Introvert or extravert?

Yesterday I had a conversation with my mother and sister about being introverted or extraverted. I’ve actually thought about my own personality with regards to this trait a lot while studying psychology, because I feel like it changes depending on the day. I have taken simple online tests a few times and generally my score ends up somewhere near the middle – today I scored 59 on a scale of 100 (click here for test I used today). This would mean that today I’m slightly more extraverted than introverted, but if I had filled out the questions about which I wasn’t completely sure differently I may well have ended on the other side of the scale. Does this mean I am a so-called ambivert? Or does the way we explain this trait just not cover all possibilities, even though we see it as a continuum?

Before I continue, a little explanation for people who don’t know how introversion and extraversion are defined. Introverted people are generally seen as being reserved, analytical and solitary. They are not necessarily shy, but they enjoy spending time by themselves as opposed to with other people. Extraversion, on the other hand, indicates being talkative, assertive and outgoing. Extraverts enjoy being around groups of people, but of course they need time for themselves too from time to time. Introversion and extraversion are generally seen to be part of the same scale, which means you can score low (introverted), high (extraverted) or somewhere in the middle (ambiverted). You can’t, however, be introverted and extraverted at the same time. That’s the part I struggle with. Is it really that impossible to be a very talkative person who really enjoys spending time alone?

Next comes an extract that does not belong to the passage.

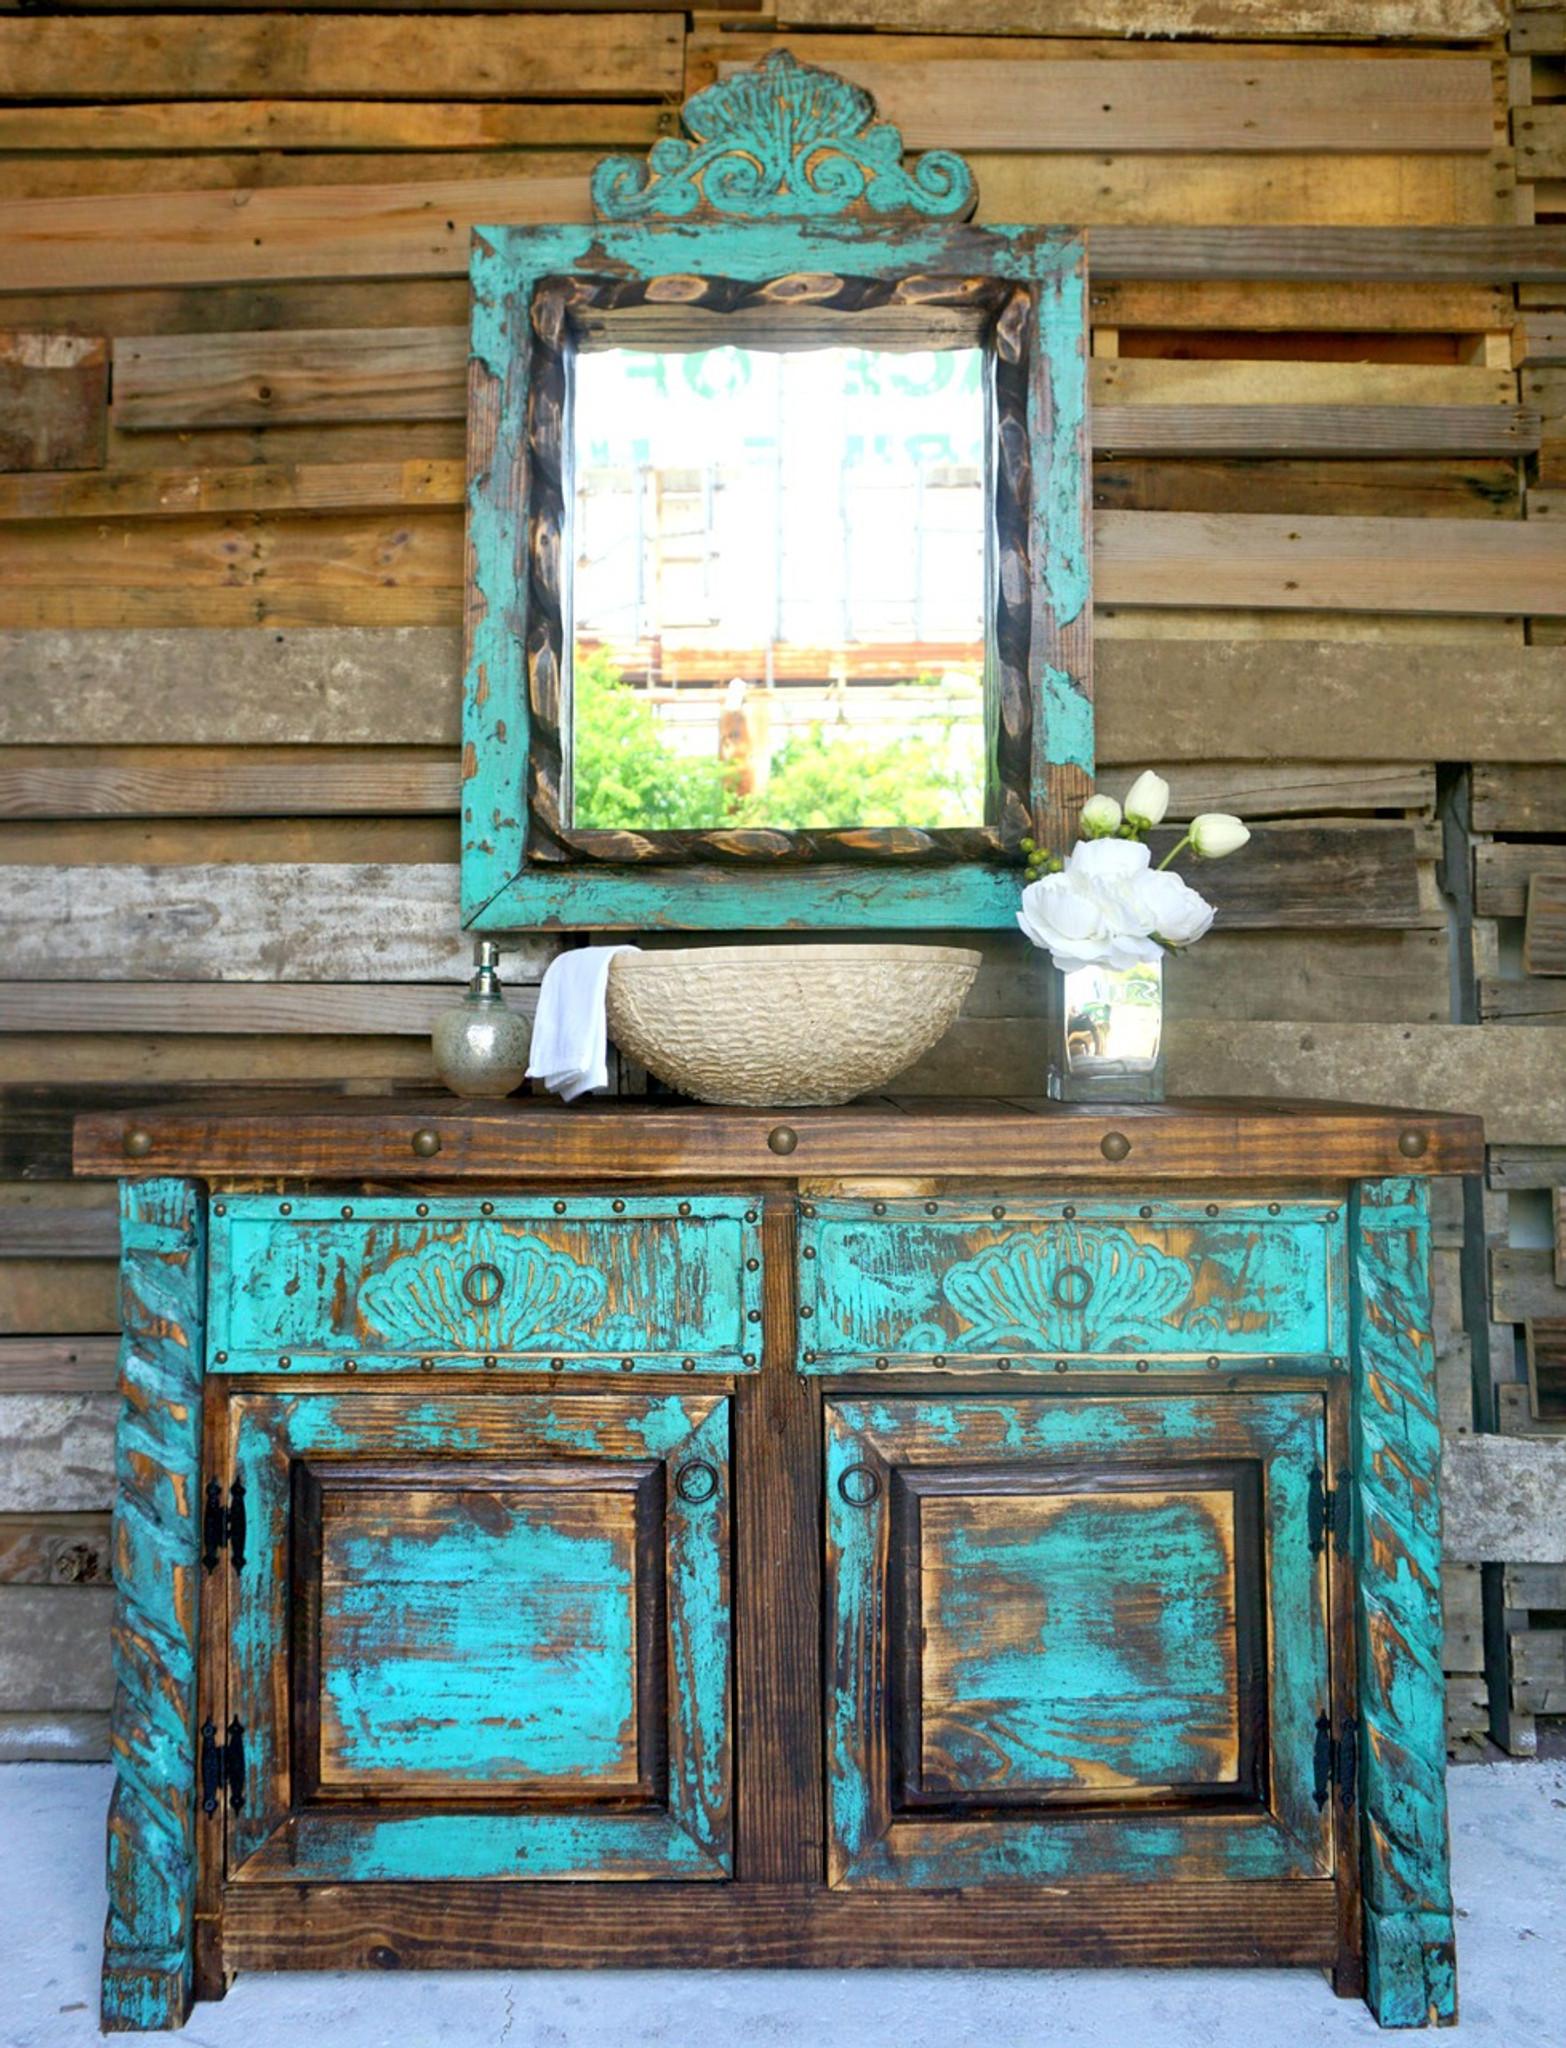 Images Of Rustic Furniture. Home · Rustic Furniture; Agave Bathroom Vanity.  Vanity Shown
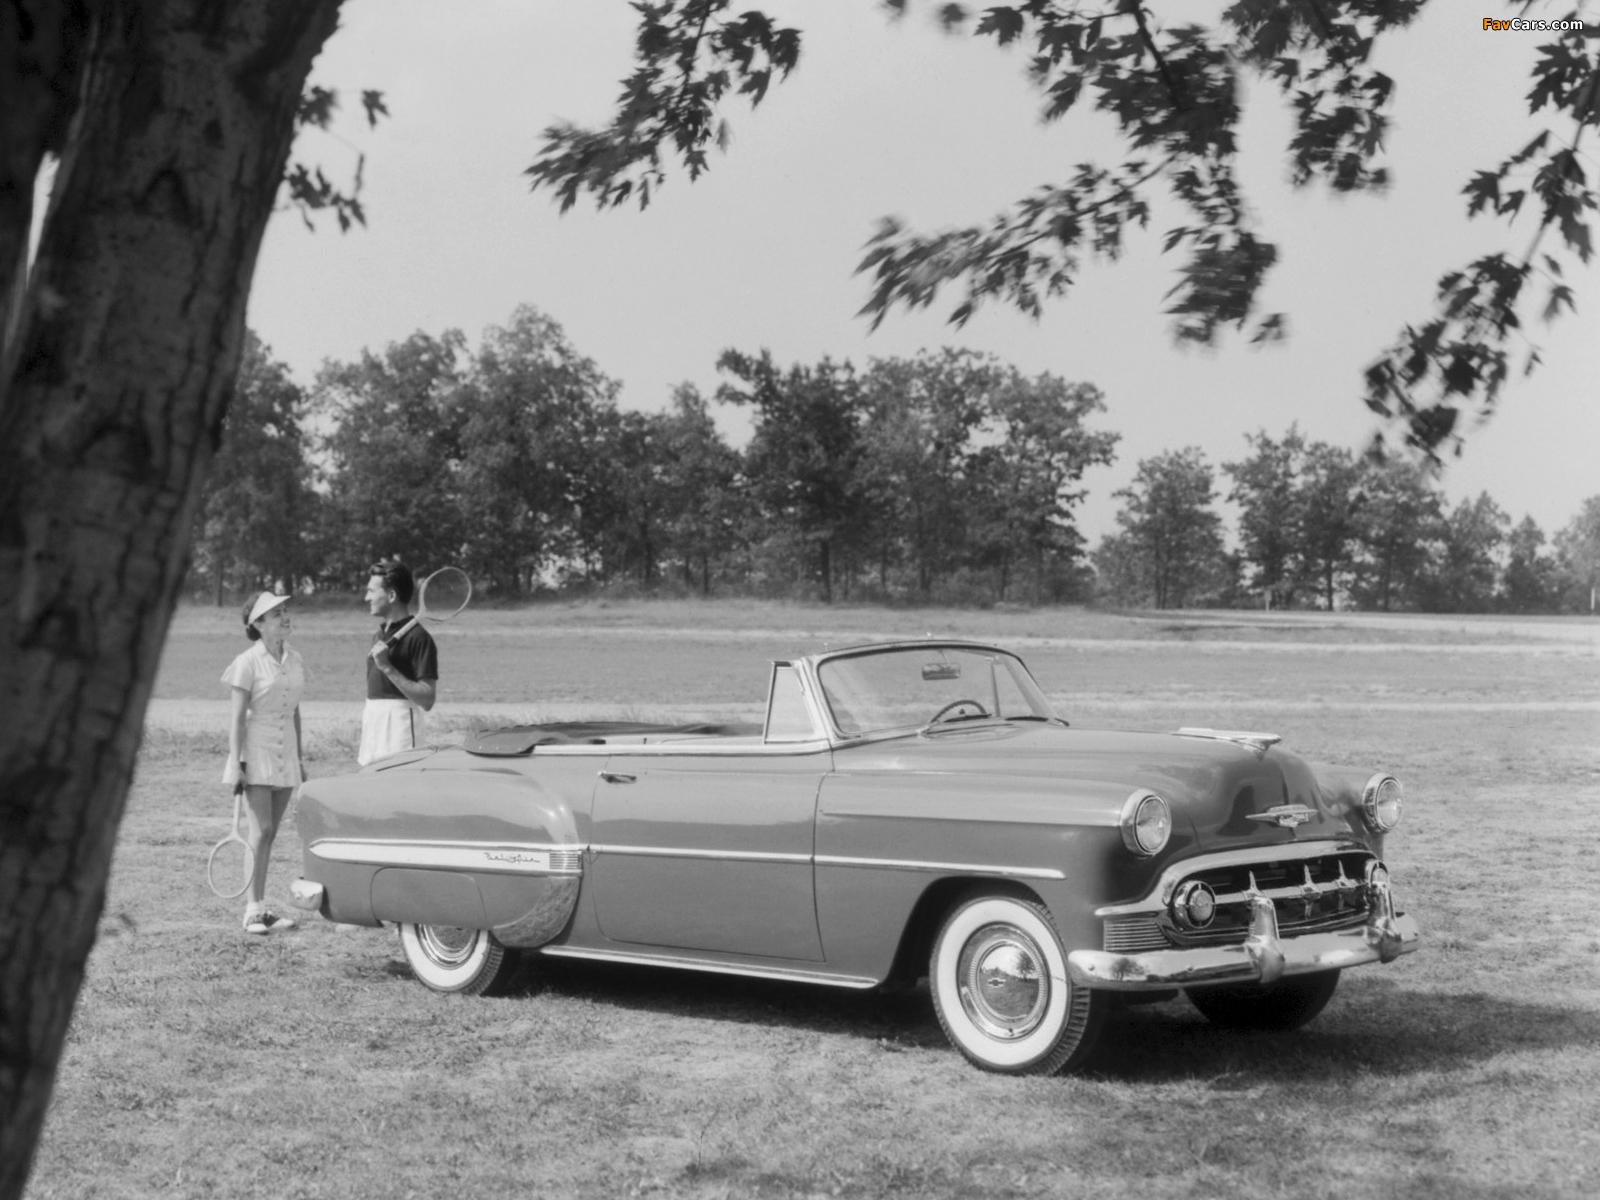 Chevrolet Bel Air Convertible 2434 1067d 1953 Photos

A lot of people think about introversion and extraversion in terms of energy. Introverts don’t necessary dislike being in social situations, but they need time alone to recharge afterwards. Extraverts actually get depleted by being alone and need people around them to thrive. Putting myself in either one of these categories is very hard. I guess the easiest way to explain my energy level in social situations is by comparing it to a sugar rush. Being social makes gives me a ton of energy – I can even get a bit over-excited if I’m really enjoying myself – but as soon as I’m alone again I feel depleted. If I don’t get a bit of time on my own I could even get grumpy (as my ex-flatmates and people who I’ve travelled with for a longer time may know). Social situations definitely give me a lot of energy, but most of that generated energy is used up immediately.

For me, I think there is a great distinction between the way I feel and the way I act. I enjoy being on my own and tend to be curious and analytical before I actually decide to do something, but as soon as I’m talking I burst into a bubbly person who loves to share stories and laugh a lot. In new situations and especially in bigger groups I can feel a bit awkward at first, but at the same time I want my opinion to be heard and will not back away from trying something I’ve never done before. I guess being nervous to engage in social interaction actually makes me excited to do so. Does this mean I am just an introverted person with a high amount of adrenaline, which makes me seem more extraverted to others? Or does my behaviour actually show that I am an extraverted person who doesn’t have a problem with being alone most of the time?

Maybe viewing this trait as a continuum with the two ends opposing each other is not completely correct, because – at least to me – the ends aren’t as contradicting as they may seem. I don’t like describing myself as the one or the other because I feel like both can be used as labels in a negative way (‘doesn’t take initiative’ for introverts or ‘doesn’t take things serious’ for extraverts). But then again, choosing ambivert instead is not really an option either – it makes you seem indecisive. All I can hope for is that any future job interviewers won’t ask me about it. Maybe I’ll just bring a copy of this post in case they do.